Ol Donyo Sabuk and the Rivers

Thika is framed by natural landmarks that its residents have lived alongside for generations and that outsiders rarely associate with a factory town. To the southeast, rising from the Athi plains, is Ol Donyo Sabuk — “the big mountain” in Maasai — a volcanic hill that now houses a national park. Lord and Lady Northrup McMillan, American-born settlers who came to Kenya in the early 1900s, built their estate at the mountain’s base and are buried on its summit; their graves, and those of their Somali servant and his dog, remain one of the park’s distinctive features.

The Thika and Chania rivers provide the town’s most dramatic natural theatre. The Fourteen Falls on the Athi River, a few kilometres from town, drop over a 27-metre natural weir in a broad cascade that the Kikuyu called Githioro — “roaring” — and that became a tourist attraction in the colonial period. The falls on the Chania at the Blue Post Hotel, where Elspeth Huxley’s family picnicked and the settler community gathered on weekends, are smaller but sit at the historical heart of the town.


Thika Today

Thika today is a city of nearly 300,000 people — the largest urban centre in Kiambu County, though the county headquarters is elsewhere. Its industries are diverse: pharmaceutical, textile, food processing, cement, and the agricultural processing that has always been its core. Three universities serve a student population that gives the town an energy its industrial exterior does not immediately suggest. The A2 highway connecting it to Nairobi — expanded and upgraded as the Thika Superhighway in 2012 — turned the 42-kilometre journey from an hour’s drive into a twenty-minute commute, effectively making Thika part of Nairobi’s extended economic geography.

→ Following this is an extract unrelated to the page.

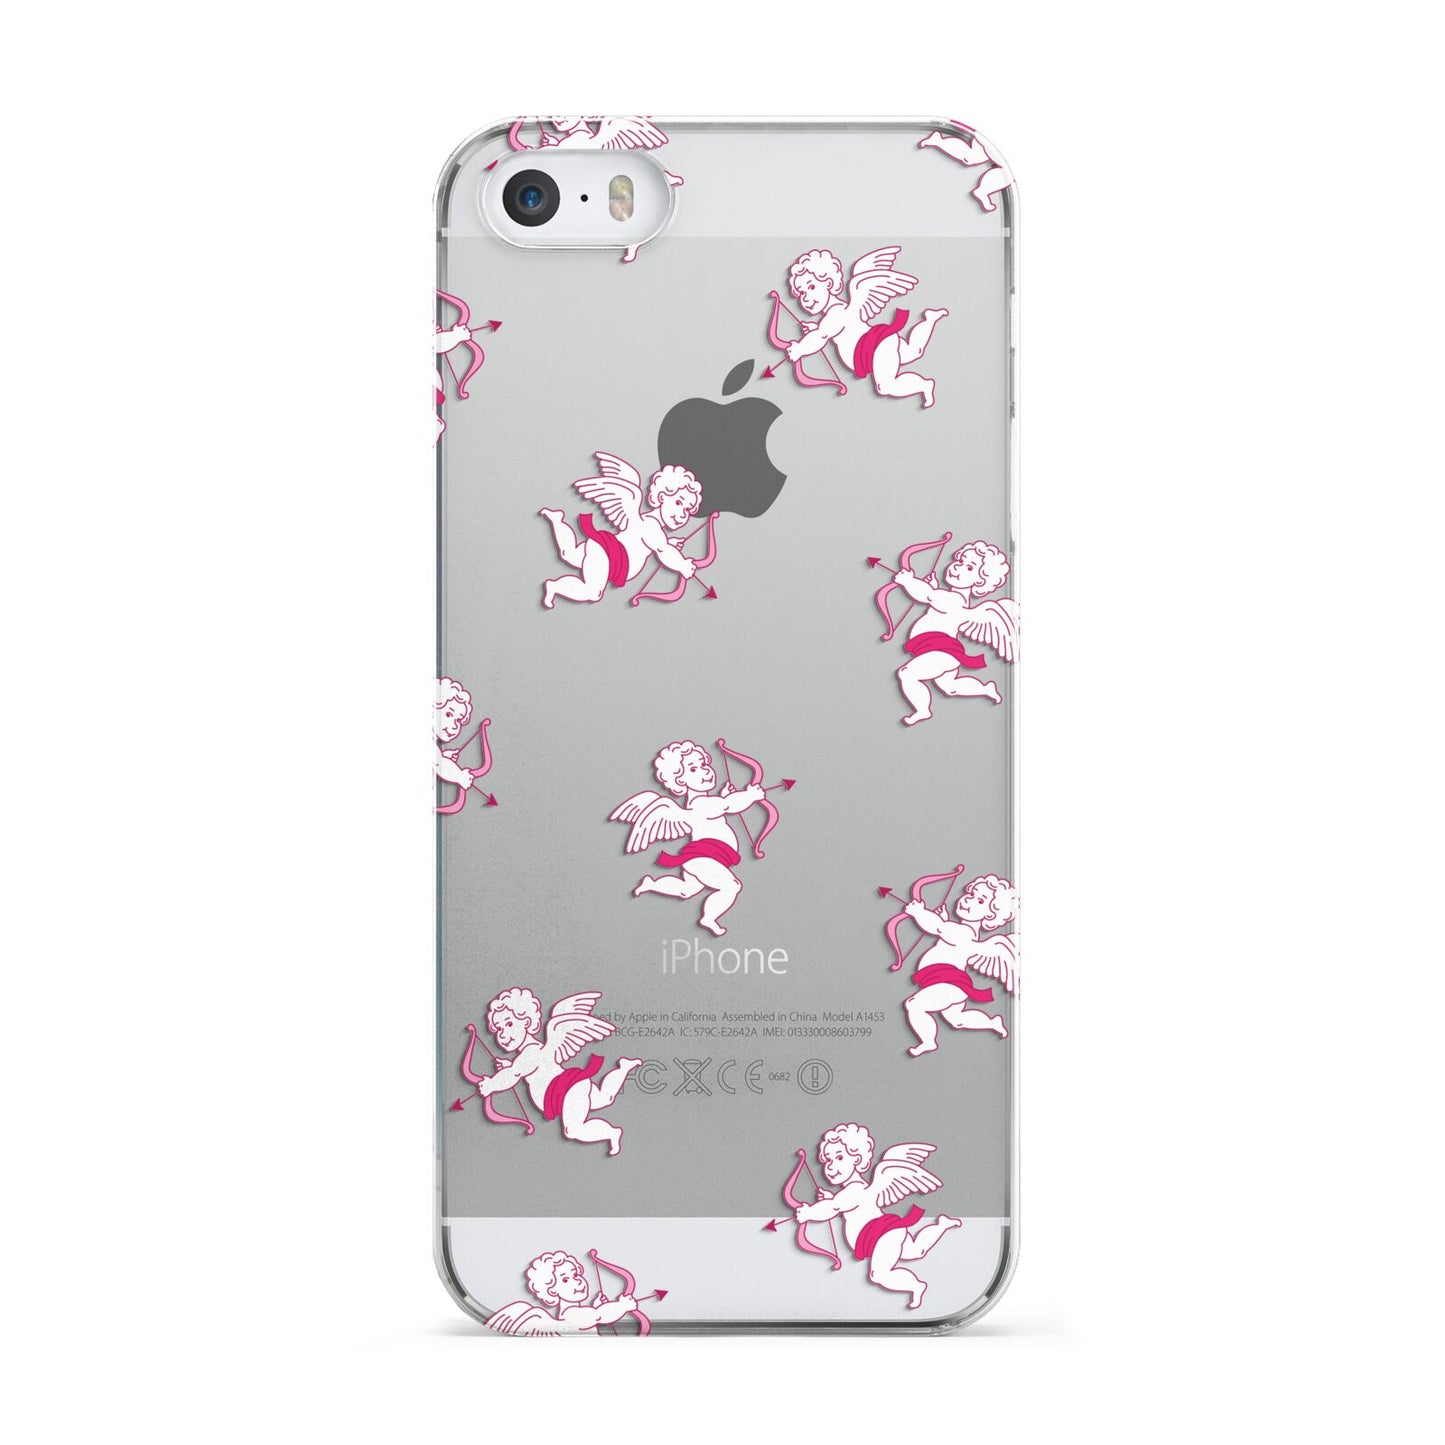 Cupid Apple iPhone 5 Case

The Blue Post Hotel still stands above the Chania falls, still serving drinks to travellers who stop to hear the water. The Mugumo Gardens still marks the spot where a prophet’s tree once stood and a colonial administration once tried to prevent a prophecy from coming true. The coffee estates that Elspeth Huxley’s parents struggled to establish, and that the British colonial system built on Kikuyu land and Kikuyu labour, are now owned and farmed by the descendants of those labourers.

The flame trees — the African tulips, Spathodea campanulata, with their crimson flowers that give the town’s most famous literary title its image — still line the older roads and farm tracks. They were planted by settlers who wanted to beautify a frontier. They are still there, still flowering, indifferent to who owns the land beneath them.